Os brasileiros instruídos originalmente desprezavam o cordel e as capas em
xilogravuras grosseiras ligadas a ele como algo vulgar, um símbolo do atraso
do país.
Mas, hoje, intelectuais de São Paulo e do Rio de Janeiro são colecionadores
ou admiradores dos panfletos, e a estética do cordel pode ser detectada em
quase todos os cantos da cultura popular brasileira.
"Os poetas de cordel dirão que o interesse por seu trabalho cresceu
principalmente por causa dos estrangeiros", diz Curran. "Mas eu acho que o
Brasil atingiu um momento de mudanças em que existe mais consciência e uma
fome para procurar as raízes culturais do país, e o cordel é uma parte
importante da cultura brasileira do século 20."

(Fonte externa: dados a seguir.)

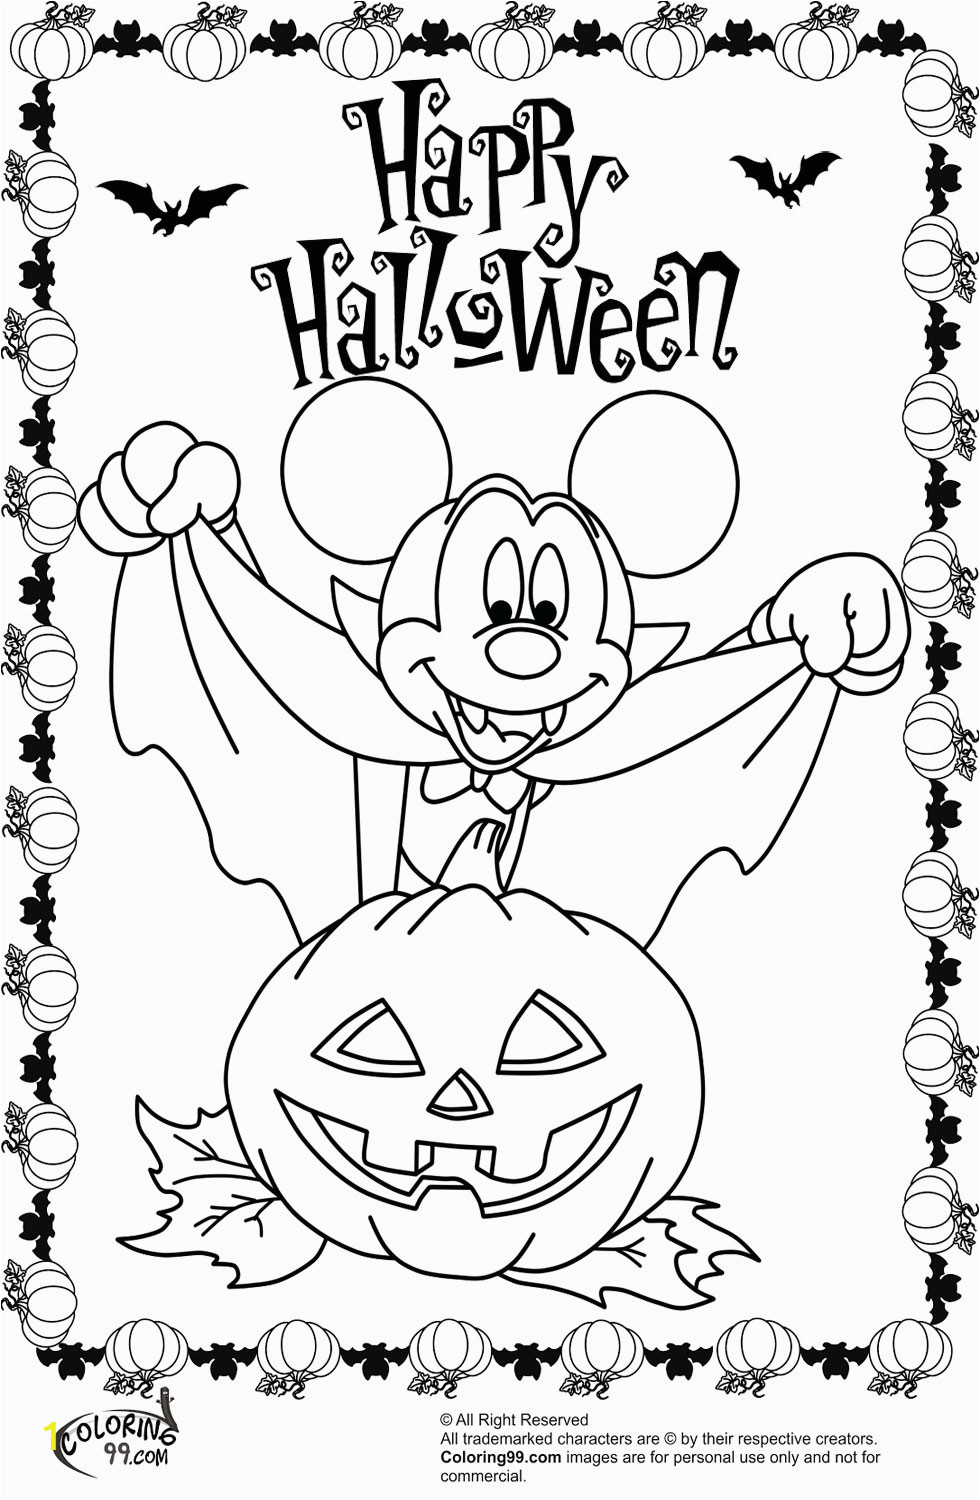 Free Printable Mickey Mouse Halloween Coloring Pages November 2013

Na música pop, por exemplo, compositores de vanguarda muito admirados fora
do Brasil se basearam no cordel em canções como "A chegada de Raul Seixas e
Lampião no FMI", de Tom Zé e "Isaac Asimov e Santos Dumont se encontram no
céu", de Chico Science.
Na literatura, o romance de Jorge Amado "Tereza Batista Cansada de Guerra" e
a peça de Ariano Suassuna "A História do Rei sem Cabeça" são fortemente
influenciados pelo cordel, no tema e na forma.
Com títulos como "O Cordel das Doenças Sexualmente Transmissíveis" e "A
Reforma Agrária é um Direito de Todo Brasileiro", os governos federal e
estaduais também vêm usando esse formato para promover a saúde, a segurança
no trânsito, a consciência política, a prevenção à Aids e outras campanhas
oficiais.
E políticos e empresários de pequenas cidades do nordeste muitas vezes
recorrem ao cordel para promover suas candidaturas ou seus produtos.
"Não muito tempo atrás, um advogado cuja filha ia se casar me pediu para
escrever os convites em versos de cordel", disse José Severino Cristóvão, um
poeta local.
Quanto às xilogravuras que adornam as capas dos panfletos de cordel, elas
evoluíram em uma forma de arte própria. O trabalho de Borges já foi exibido
no Louvre e no Smithsonian. Mas em sua barraca de feira aqui ele também
vende camisetas e azulejos estampados com imagens das xilogravuras.
"As pessoas dizem que o cordel está condenado desde os anos 20", diz Slater.
"Mas a energia criativa continua aí hoje; apenas está sendo canalizada de
maneiras diferentes.
O cordel sempre foi uma forma híbrida, capaz de incorporar novas
influências. Sua capacidade de se tornar coisas diferentes pode decepcionar
pessoas que querem que ele seja o que foi nos anos 40 ou 70, mas é
exatamente nessa adaptabilidade que reside sua sobrevivência criativa.